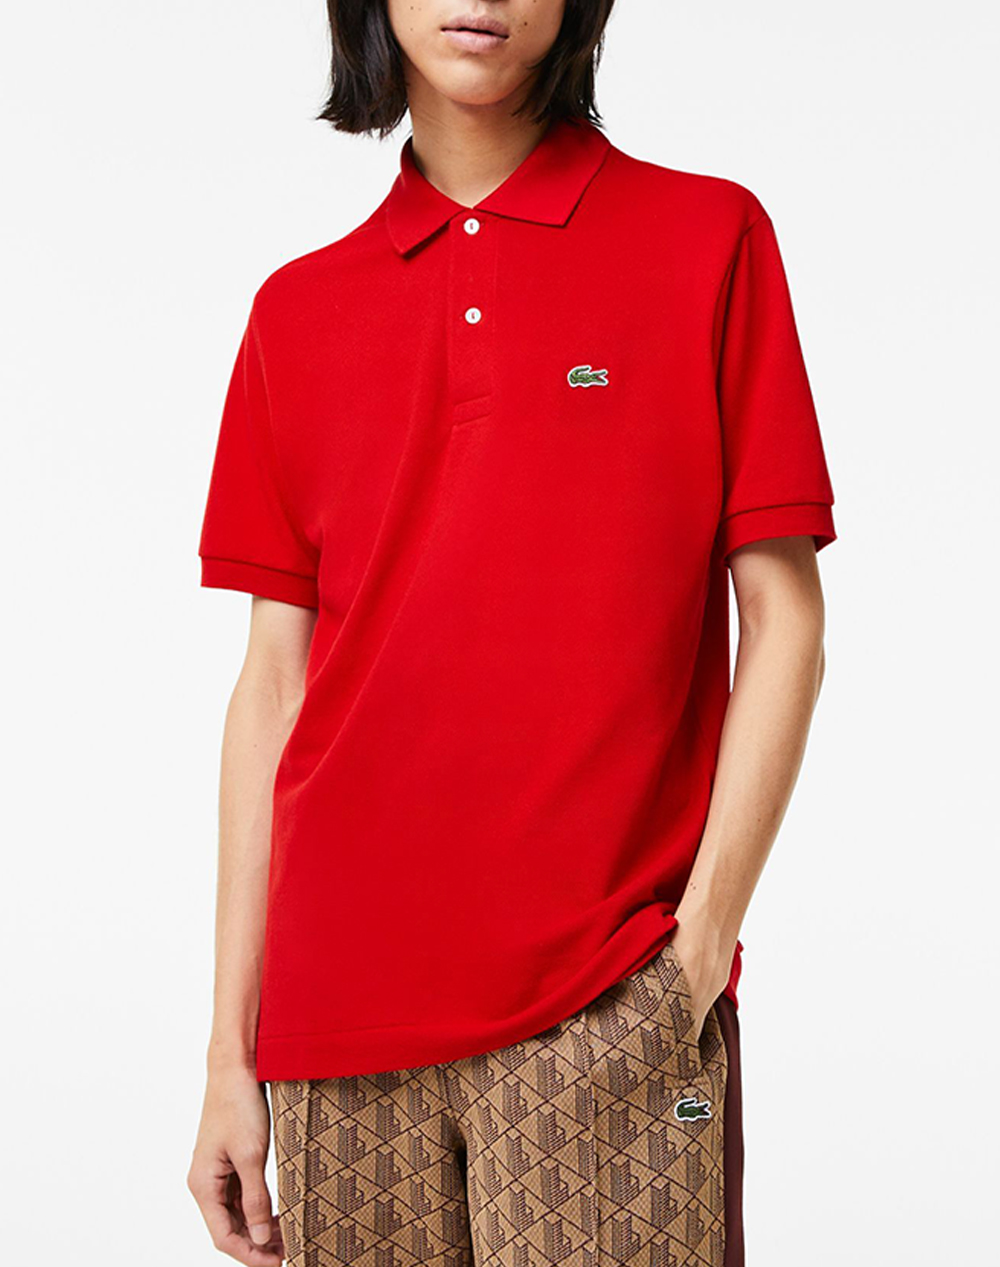 LACOSTE ΜΠΛΟΥΖΑ ΚΜ POLO SS 3L1212-240 Red
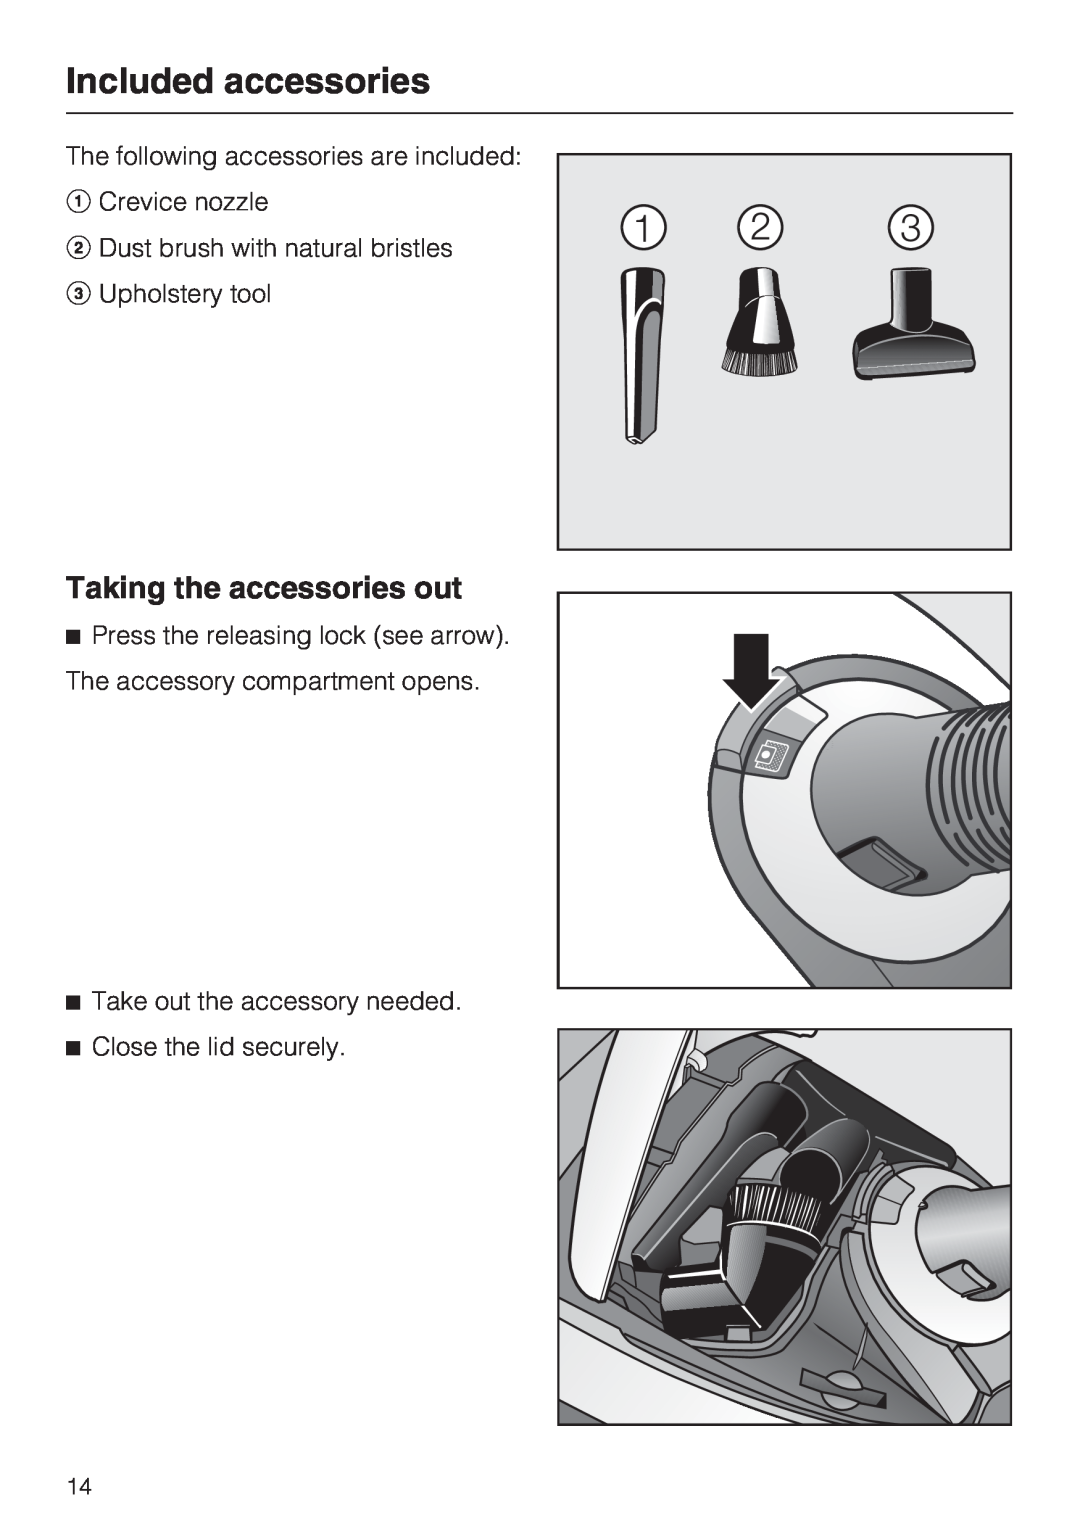 Miele S5981 operating instructions Included accessories, Taking the accessories out 
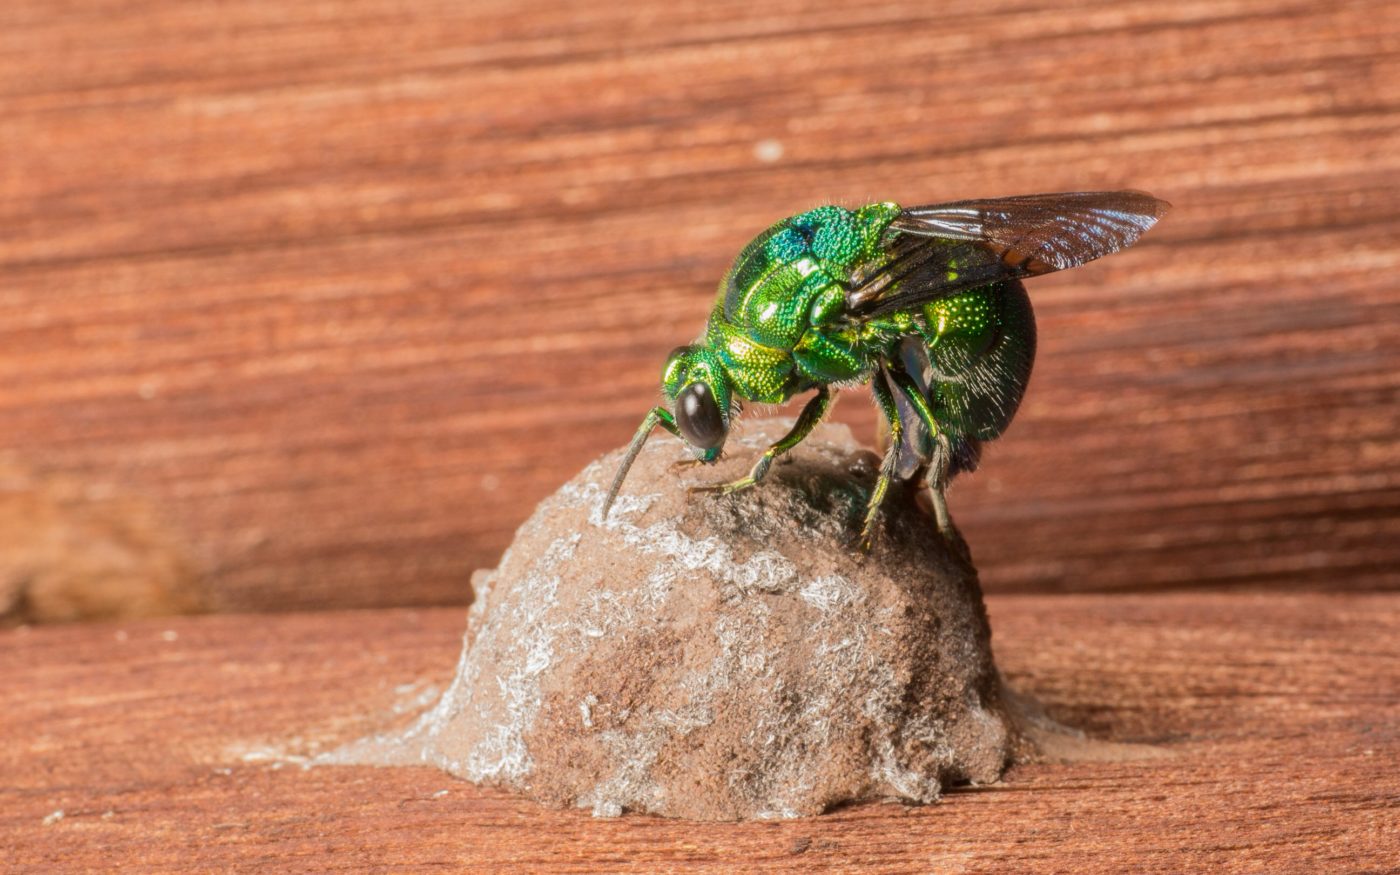 Taken at a bird hide near the Mopani Rest Camp in Kruger National Park in mid-March 2014. Kerry-Ann van Eeden observed that the cuckoo wasp inspected a few other potter wasp nests before selecting this one, chewing a small hole, e

—————

▶ _Assignment_
The listing must be returned in full and exactly, apart from its pictures.

▶ _Response box_
 LACOSTE ΜΠΛΟΥΖΑ ΚΜ POLO SS 3L1212-240 Red
 Miele S5981 operating instructions Included accessories, Taking the accessories out 
 Taken at a bird hide near the Mopani Rest Camp in Kruger National Park in mid-March 2014. Kerry-Ann van Eeden observed that the cuckoo wasp inspected a few other potter wasp nests before selecting this one, chewing a small hole, e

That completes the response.